We can also express `u_r in terms of theta, where theta is expressed as a function of t.
It should be clear that as t goes from 0 to pi/2 to pi to 3 pi/2 to 2 pi, the trace of `R goes around the unit circle in the negative direction, starting at (-1, 0) and passing through (0, 1), (1, 0), (0, -1) before returning to (-1, 0). Thus as t goes from 0 to 2 pi, the angular position theta goes from pi to pi/2 to 0 to -pi/2 to -pi.
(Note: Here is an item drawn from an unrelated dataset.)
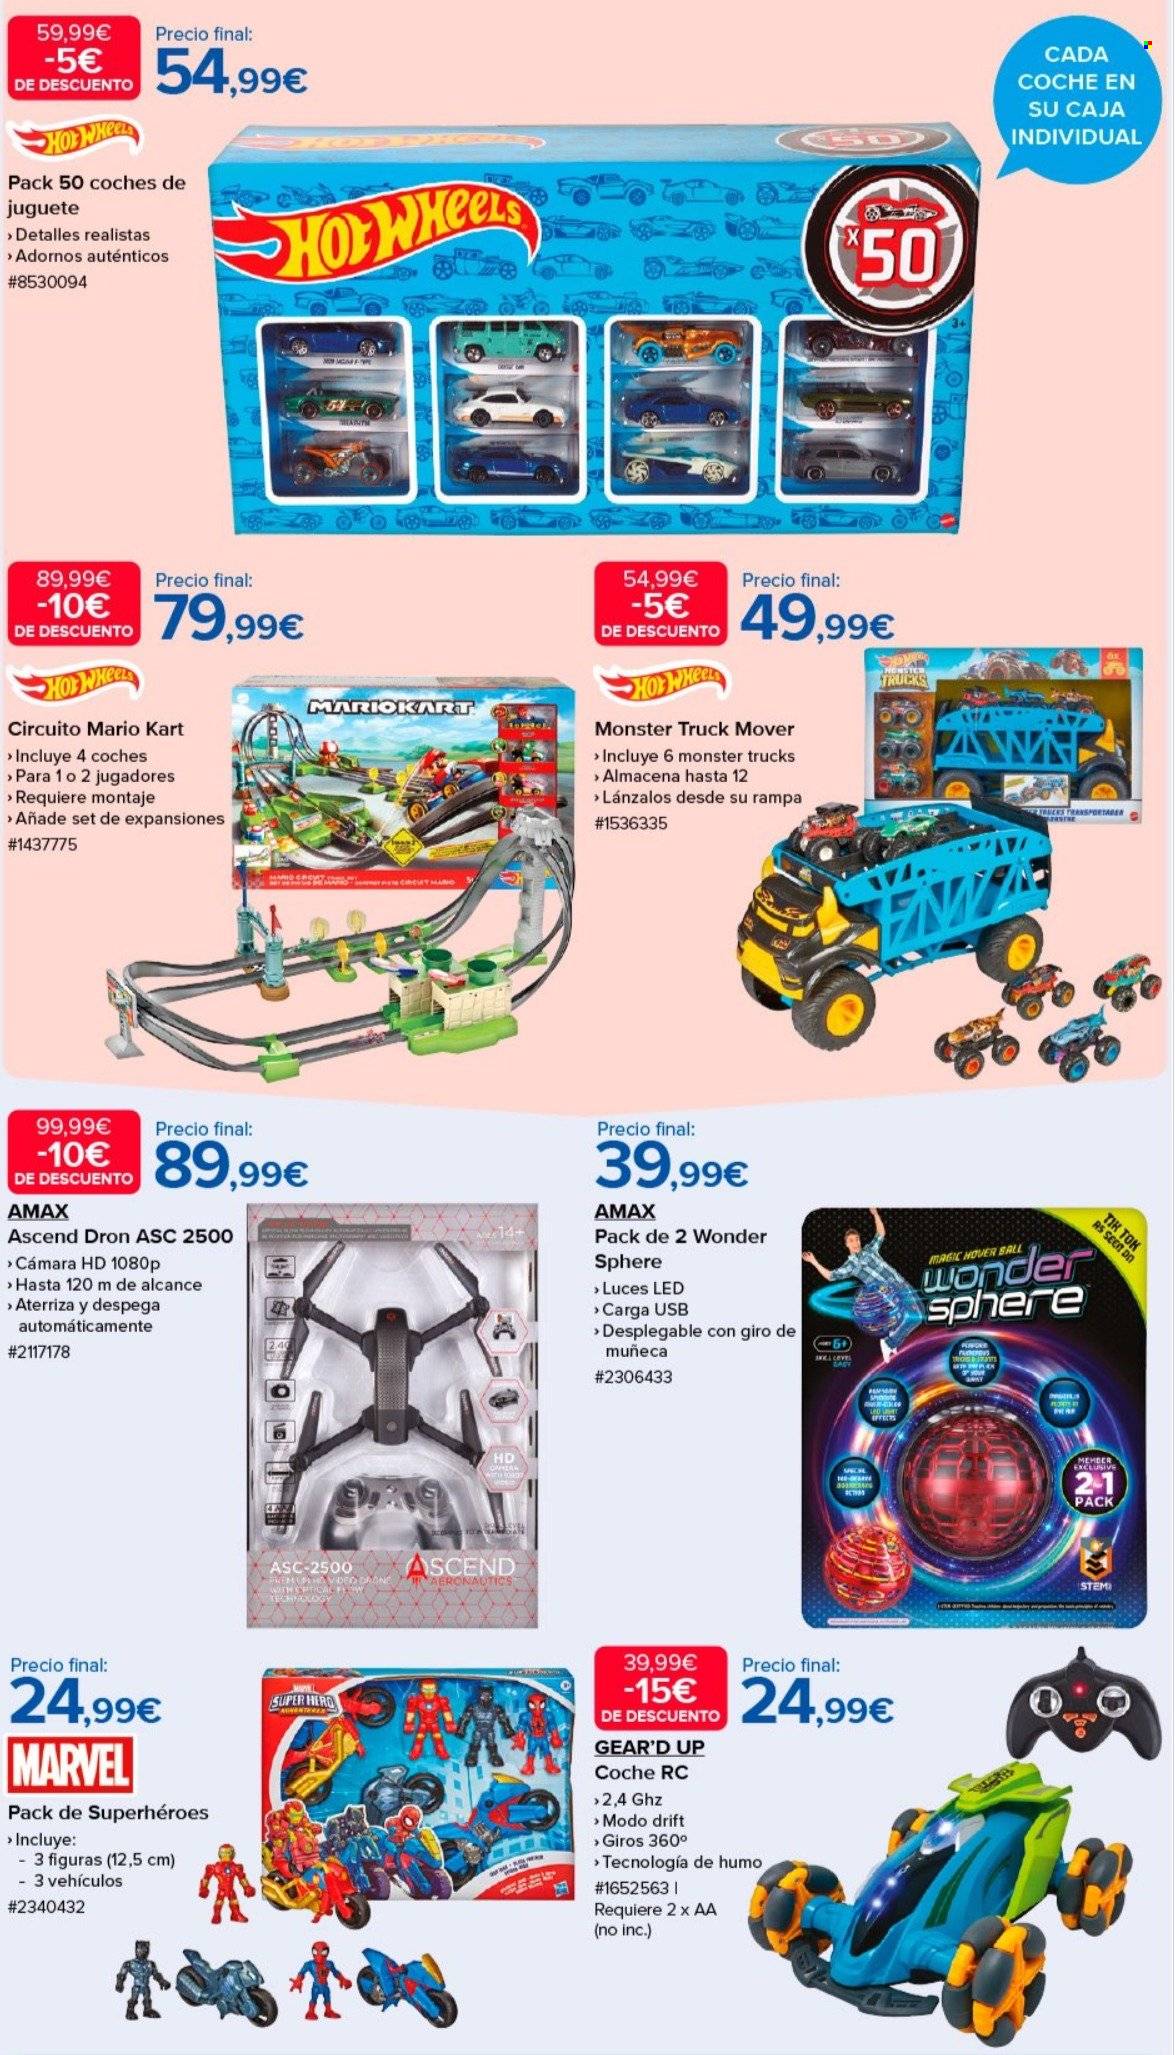 thumbnail - Folleto actual Costco - 29/11/22 - 11/12/22 - Ventas - Marvel, drone, adorno, coche, Hot Wheels, juguete, Monster Truck. Página 3.

From this we can conclude that theta(t) = pi - t. (It's also worth visualizing how this function and `R(t) = cos(t) `i + sin(t) `j describe two points moving around the circle in opposite directions, with the two points always symmetric about the y axis).
More formally we see that for our function R(t), the angular position at t is
theta = arcTan( sin(t) / (-cos(t) ) = arcTan(-tan(t)) + pi = arcTan(tan(-t)) + pi = -t + pi.
Again, theta = pi - t
Either way, we have
`R(t) = `R(theta(t)) = cos(theta(t)) `i + sin(theta(t)) `j = cos(pi-t) `i + sin(pi-t) `j.
Now
`u_r = cos(theta) `i + sin(theta) `j
and
`u_theta = -sin(theta) `i + cos(theta) `j.
`u_r ' = u_theta
and
`u_theta ' = - u_r.
`u_r = cos(pi - t) `i + sin(pi - t) `j
`u_theta = -sin(pi-t) `i + cos(pi - t `j)
`R = `u_r
`R ' = `u_r ' = sin(pi - t) `i - cos(pi-t)`j = - `u_theta
`R '' = cos(t) `i - sin(t) `j = -`R
`R = cos(theta) `i + sin(theta) `j
`R ' = u_theta theta ' = -u_theta
`R '' = -u_theta ' = -(-u_r) theta ' = -u_r(theta)
theta = arcTan(sin(t) / (-cos(t) ) = arcTan(-tan(t)) = arcTan(tan(-t)) + pi = pi - t.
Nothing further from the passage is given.